The Nyack Haunted House in Nyack, New York

The Nyack Haunted House

Nyack, New York · Est. 1890

In Brief

The Queen Anne Victorian at 1 LaVeta Place in Nyack, New York is the only house in America a court has ruled haunted as a matter of law. The seller spent years telling the world about her three friendly ghosts. Then she tried to sell to a man who hadn't heard.

The Full Story

There is a house in Nyack, New York that a court ruled is haunted. Not in a figure of speech. In writing, in a 1991 opinion, a New York appellate court found that the Queen Anne Victorian at 1 LaVeta Place, on a bluff above the Hudson, was haunted as a matter of law.

The house belonged to Helen Ackley, and for years she had told anyone who'd listen about the three friendly spirits living with her family. She named two of them, an 18th-century couple she called Sir George and Lady Margaret, and described a third, a Revolutionary-era Navy lieutenant. She said the beds shook in the mornings to wake her children for school, and that the shaking stopped during spring break when one daughter wanted to sleep in. There were phantom footsteps, knockings, doors that opened and slammed on their own. She reported small gifts that appeared and vanished, baby rings and coins and silver sugar tongs. She wrote it all up for Reader's Digest in 1977. By 1989 the house was a stop on a five-home Nyack walking tour, billed in the local paper as "a riverfront Victorian (with ghost)."

Then she sold it for $650,000 to Jeffrey Stambovsky, a buyer down from New York City who knew none of this. He put $32,500 down. Then, in his words to the court, "to his horror," he learned what the whole town already knew.

He sued to get out of the deal, and the court took the problem seriously.
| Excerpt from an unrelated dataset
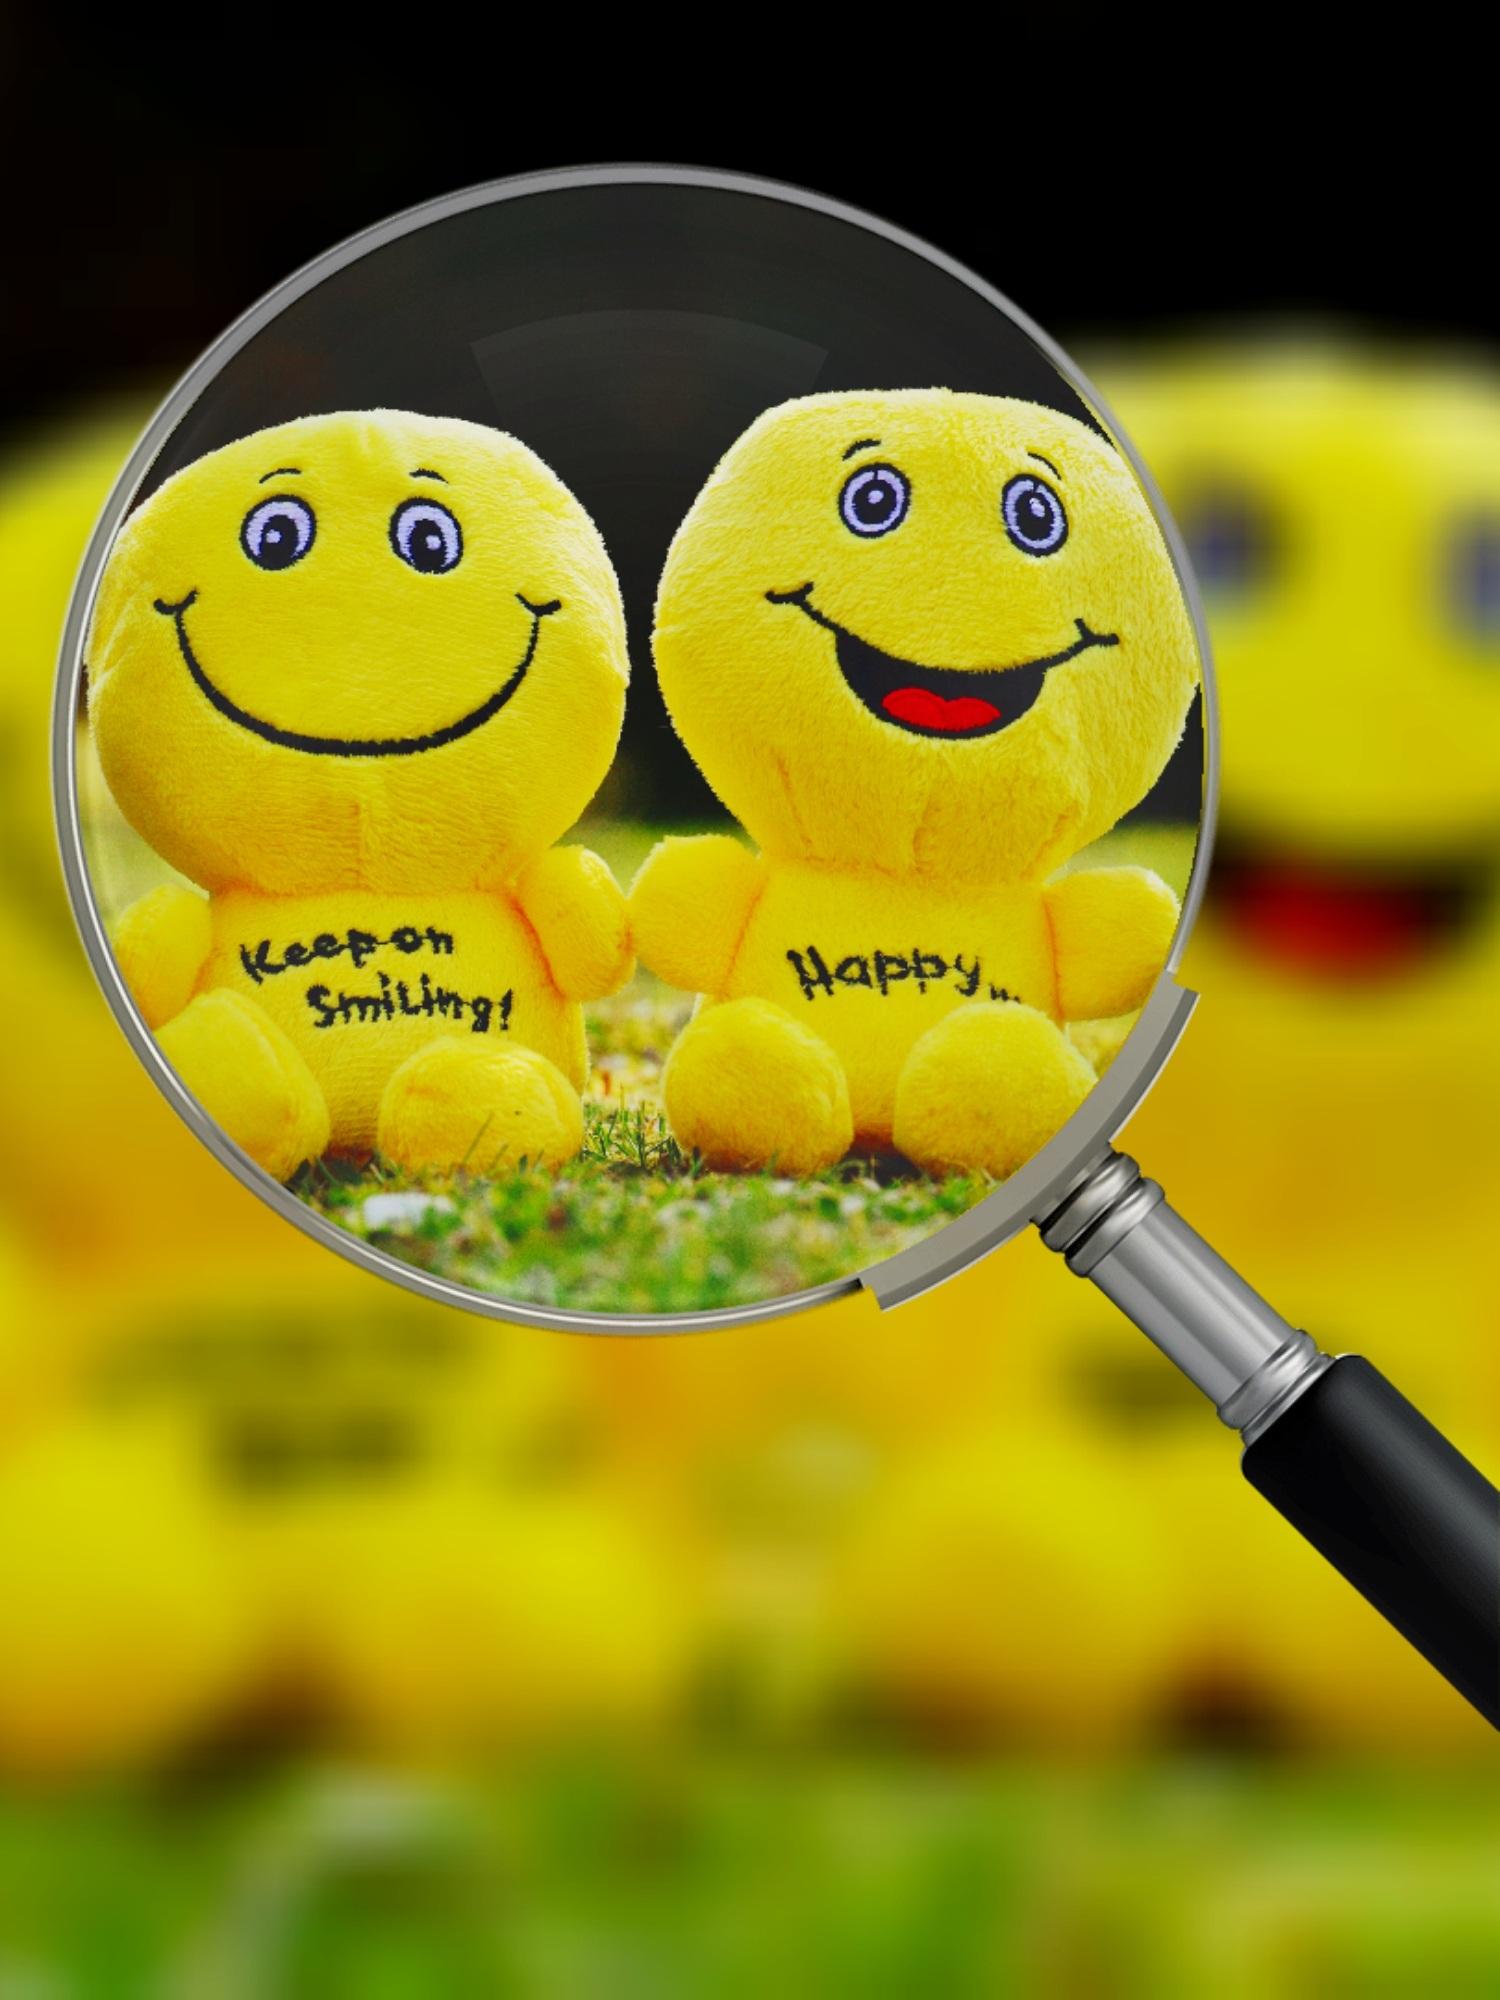 Kostenlose Foto Süß Niedlich Grün Gelb Lächeln Lachen Anfang

A haunting, the opinion reasoned, is "not a condition which can and should be ascertained upon reasonable inspection." No home inspector finds a ghost. A buyer from out of town has no way to know what every local has heard for years, so a haunted reputation became something the seller was bound to disclose.
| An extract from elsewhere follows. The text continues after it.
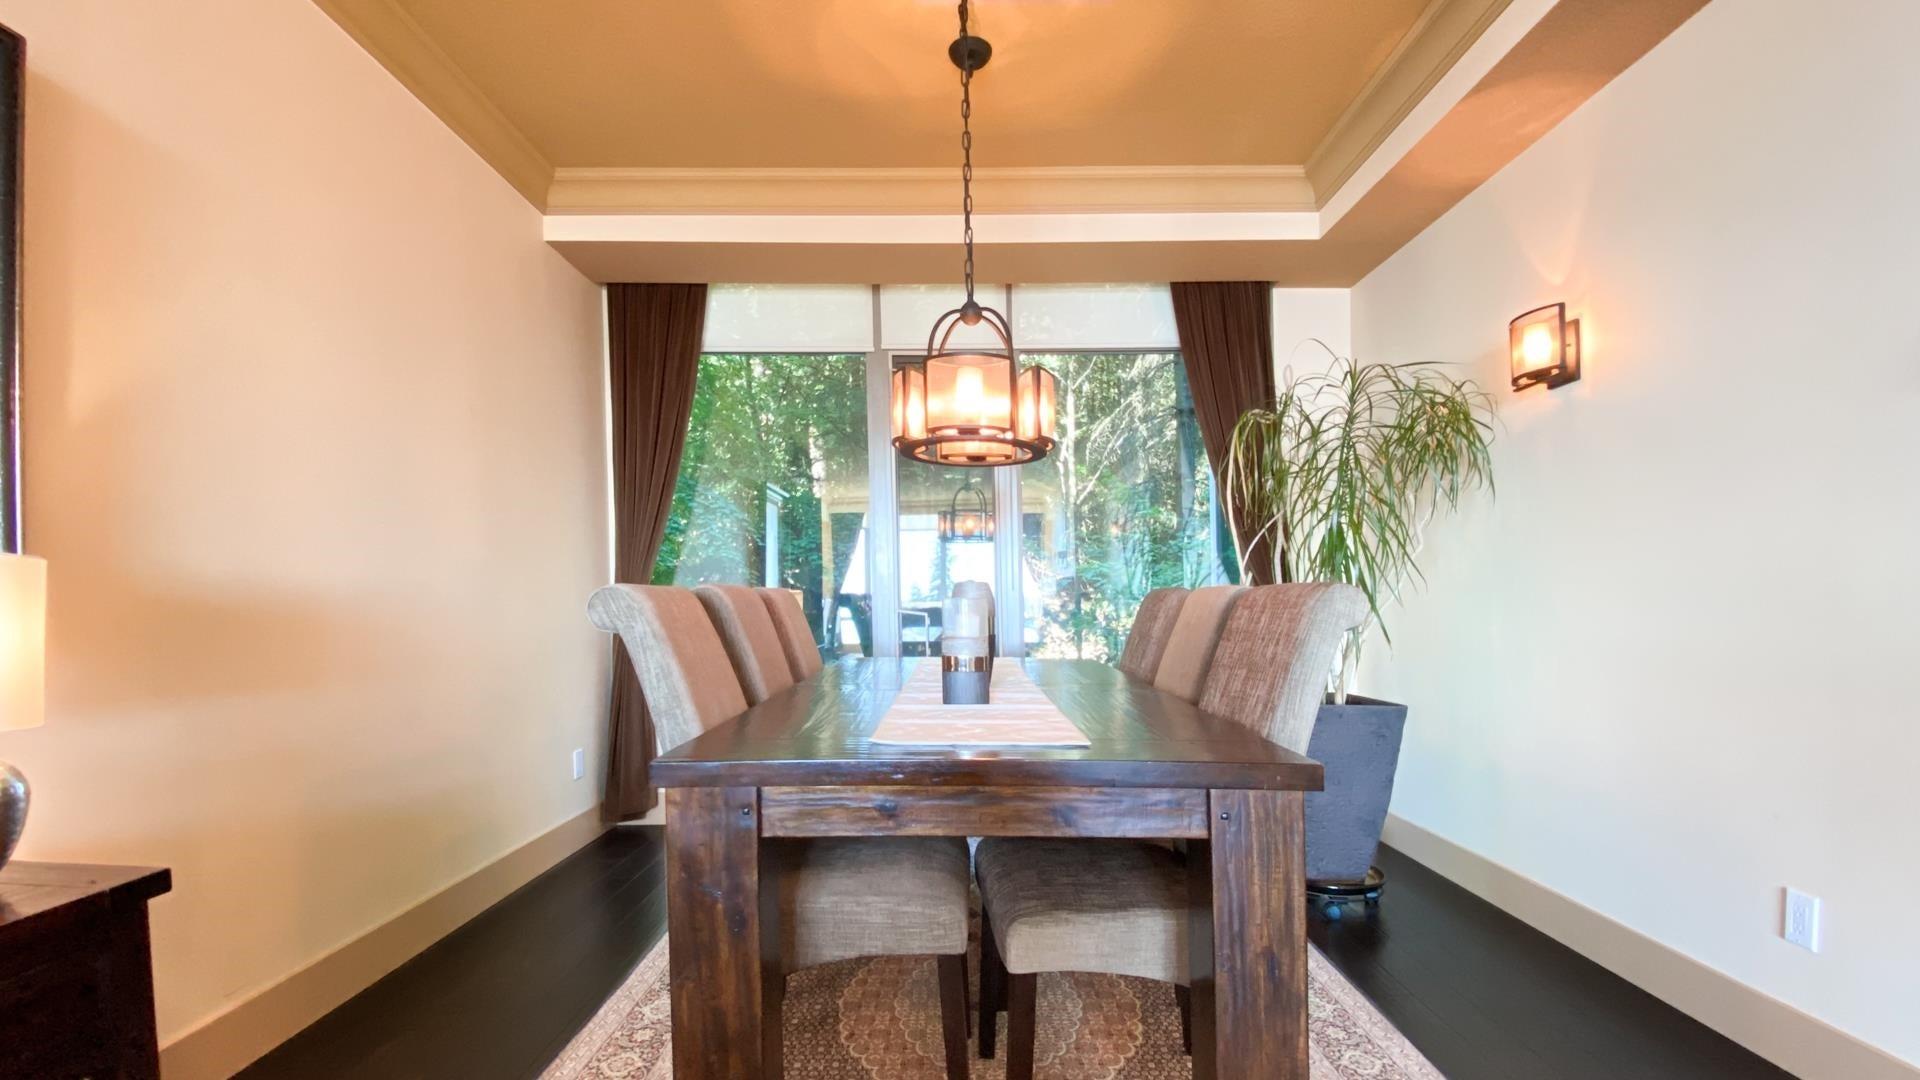 301 3131 DEER RIDGE DRIVE - Deer Ridge WV Apartment/Condo for sale, 2 Bedrooms (R2615692) - #15

So Stambovsky lost on the fraud claim, with Justice Israel Rubin writing that the plaintiff "hasn't a ghost of a chance." But the court let him cancel the sale anyway. Because Ackley had spent years publicly promoting her ghosts, the opinion held, she was "estopped to deny their existence and, as a matter of law, the house is haunted."

Lawyers call it the Ghostbusters ruling. Rubin worked the movie's theme song into the text, quoted Hamlet's Ghost, and the case is taught in law schools across the country to this day.

The matter settled. Ackley refunded half the deposit and sold the house to someone else. She moved to Florida that same year, and by her own account she took the ghosts with her. The house has changed hands several times since, for around $1.8 million each time. As far as anyone has documented, no one who lived there after her has reported the spirits at all.